*** Exercise data ***

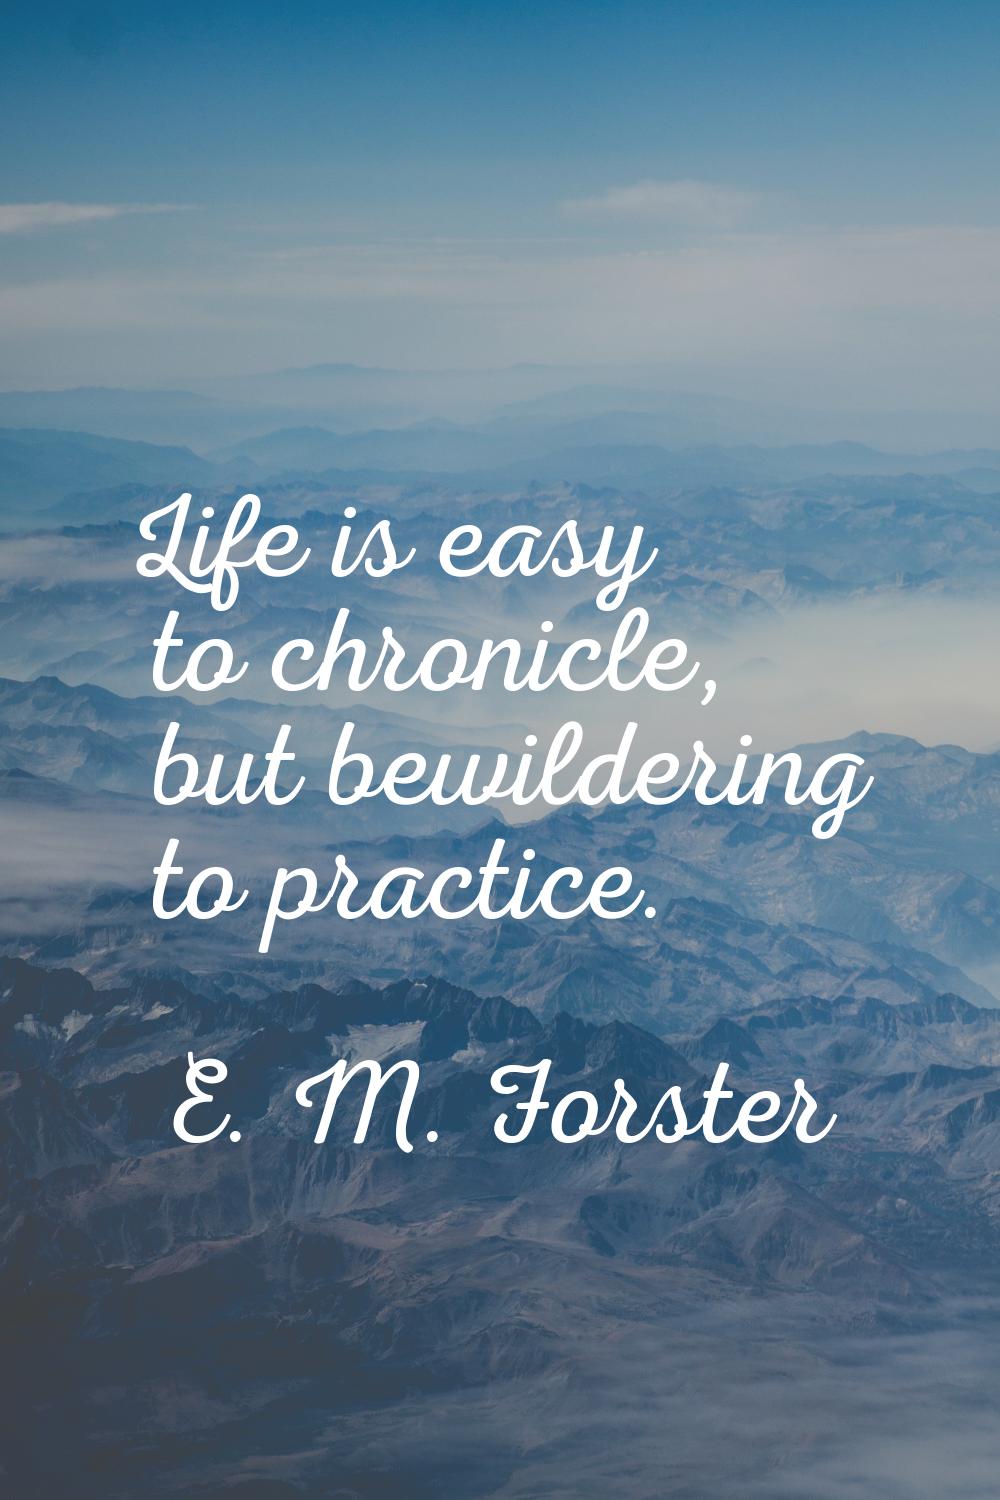 Life is easy to chronicle, but bewildering to practice.
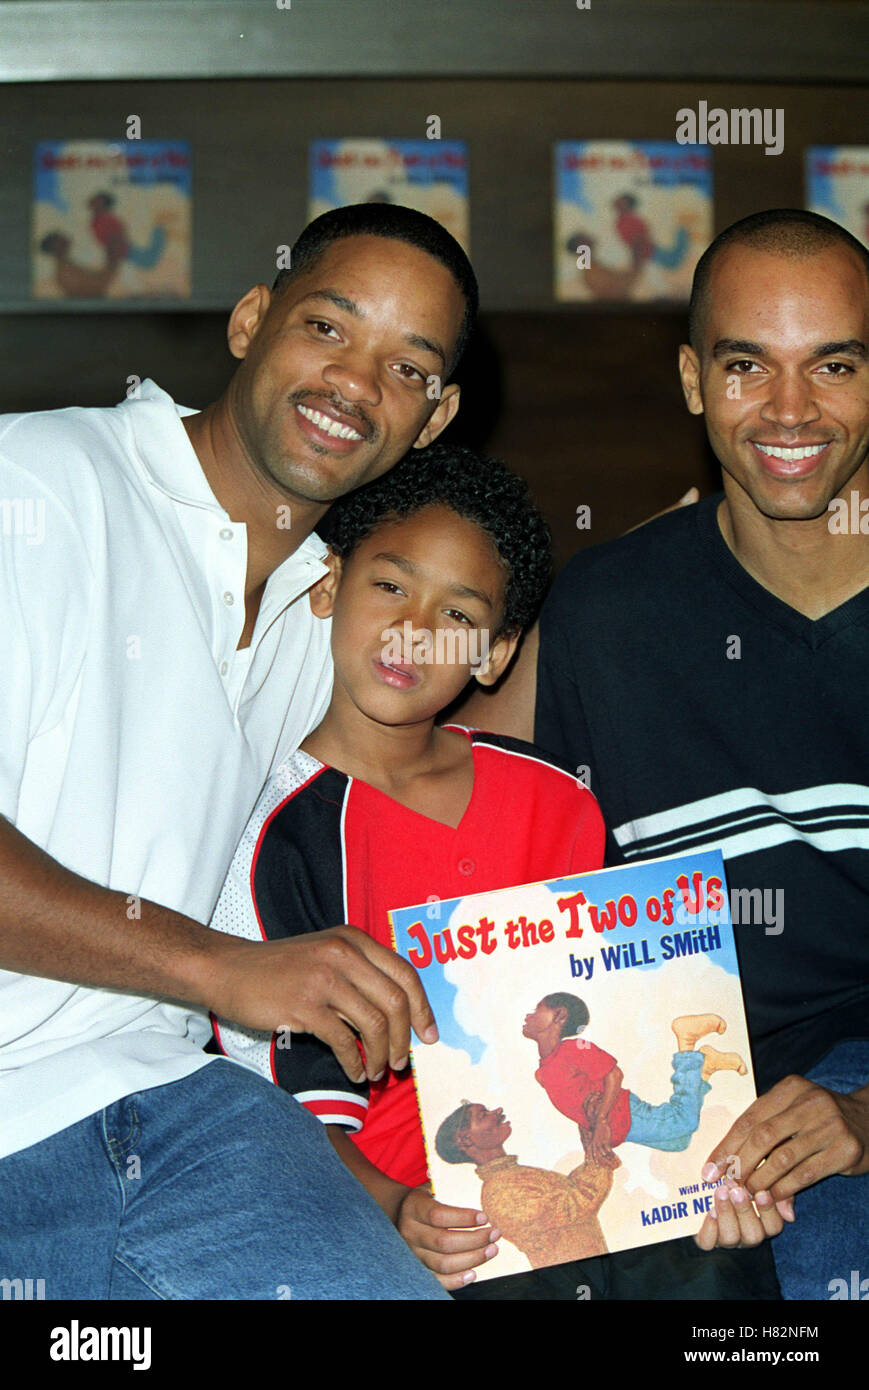 Just the Two of Us book by Will Smith
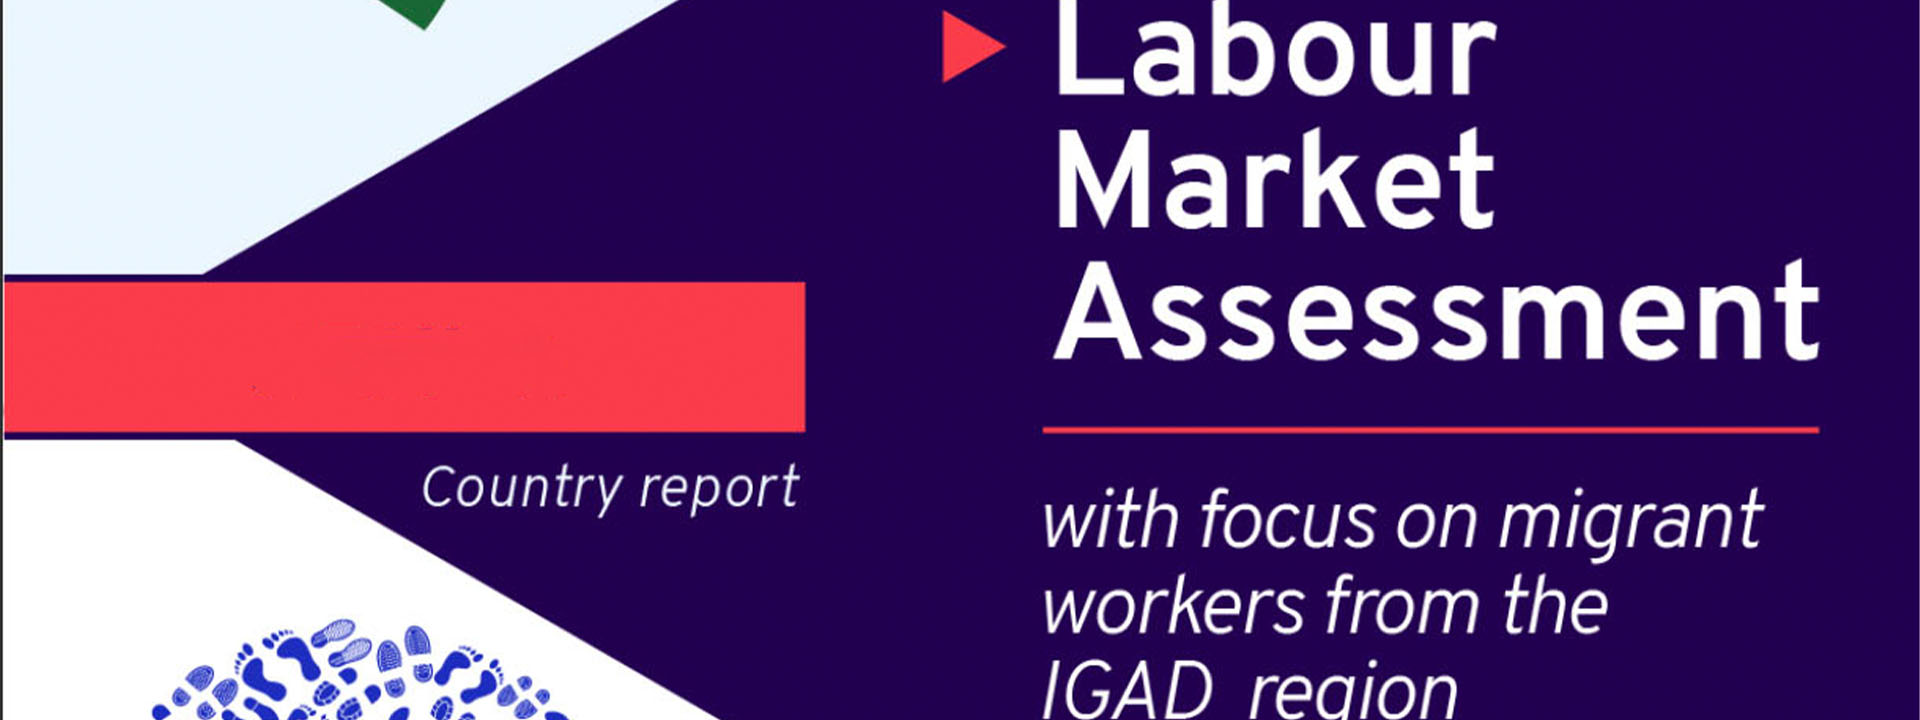 Labour Market Assessment with a Focus on Migrant Workers from the IGAD Region

*** End of Exercise data ***

What is being asked:
Print out the complete listing above exactly, dropping each image.

Written response:
 Life is easy to chronicle, but bewildering to practice.
 Just the Two of Us book by Will Smith
 Labour Market Assessment with a Focus on Migrant Workers from the IGAD Region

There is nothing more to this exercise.